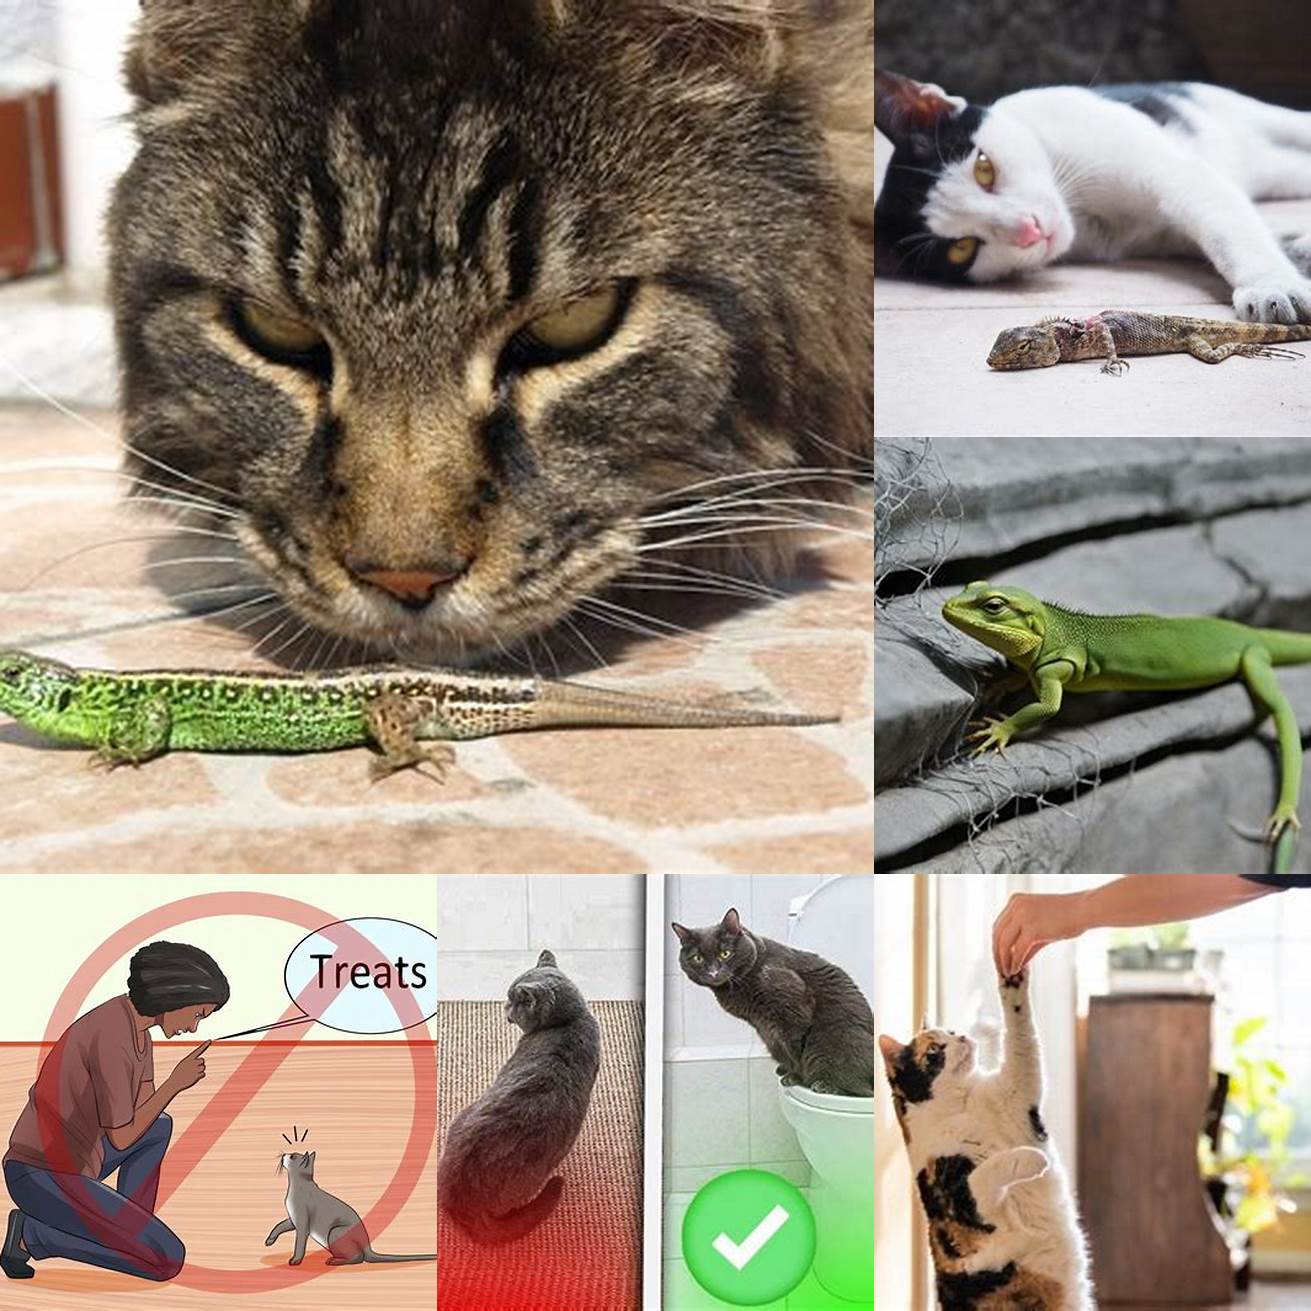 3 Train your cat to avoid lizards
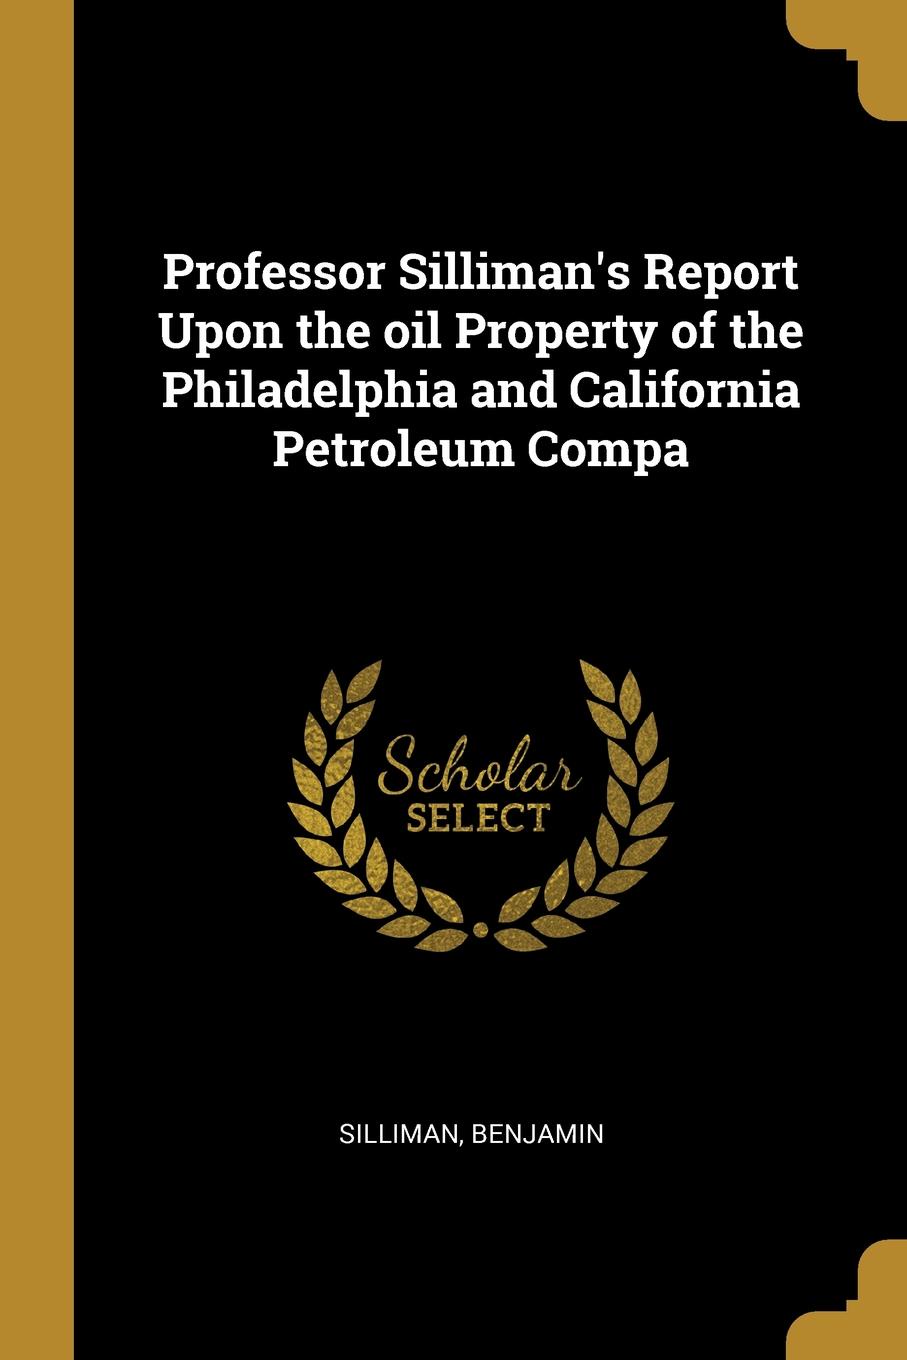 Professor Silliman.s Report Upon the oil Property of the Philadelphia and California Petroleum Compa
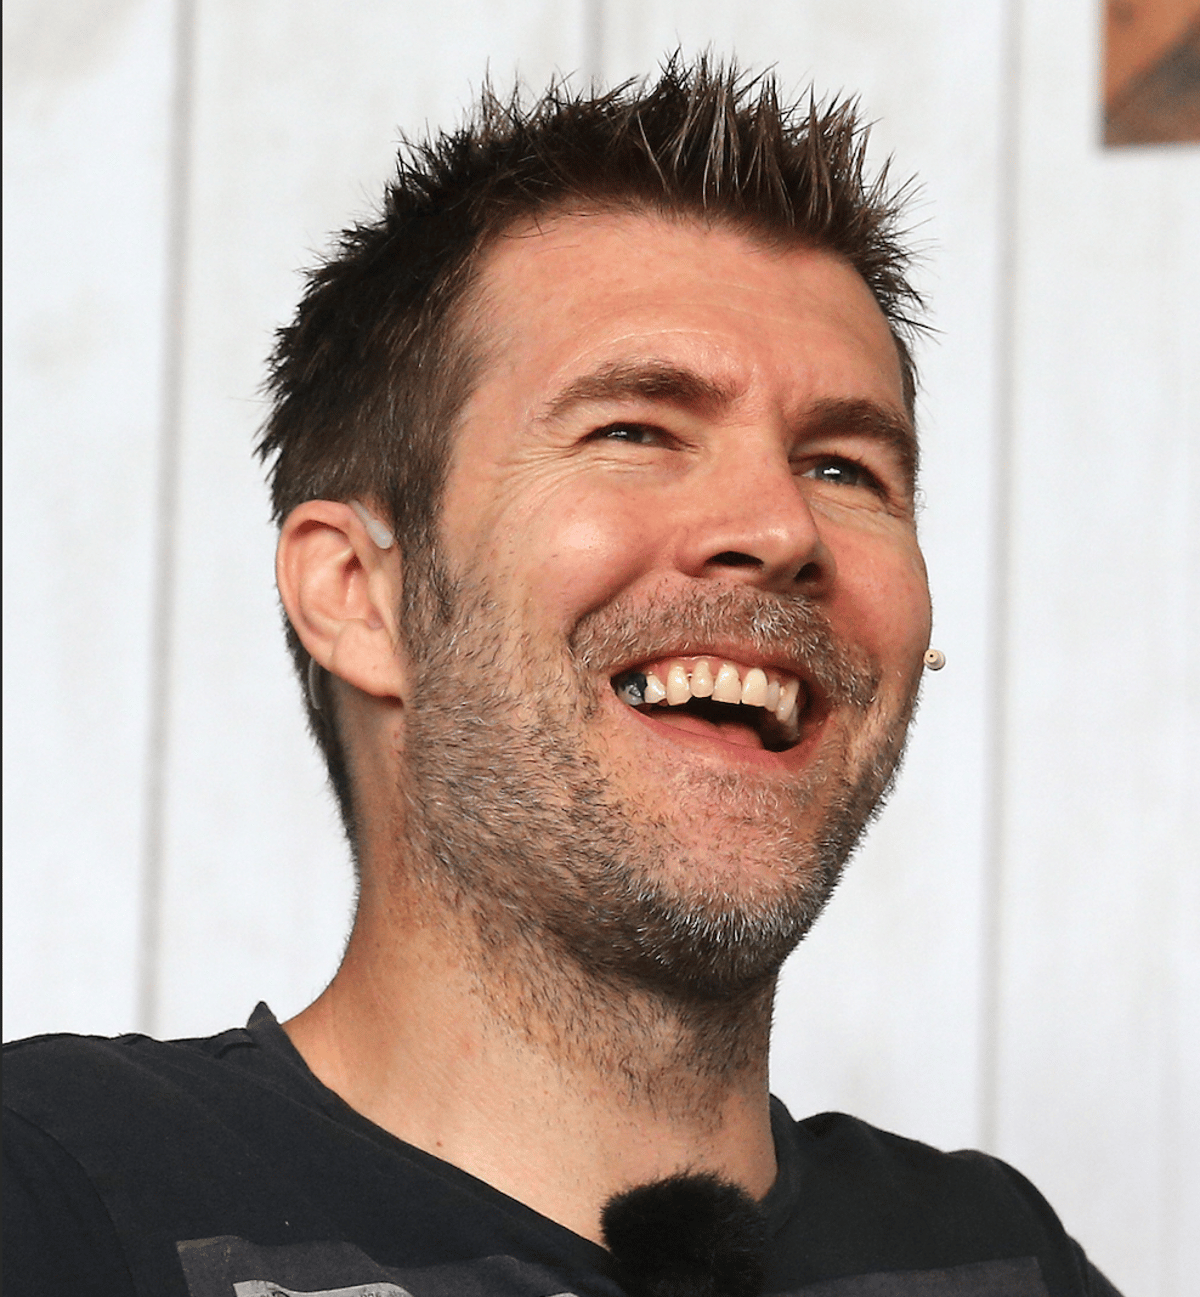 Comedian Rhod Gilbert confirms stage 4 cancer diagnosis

==

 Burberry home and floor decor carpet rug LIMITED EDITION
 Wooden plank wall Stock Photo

• **Required work**
Above are some entries; copy exactly the lines from the line with "3 Train your cat to avoid lizards" through the line with "Comedian Rhod Gilbert", both included, but none of the pictures.

• **Answer space**
 3 Train your cat to avoid lizards
 Professor Silliman.s Report Upon the oil Property of the Philadelphia and California Petroleum Compa
 Comedian Rhod Gilbert confirms stage 4 cancer diagnosis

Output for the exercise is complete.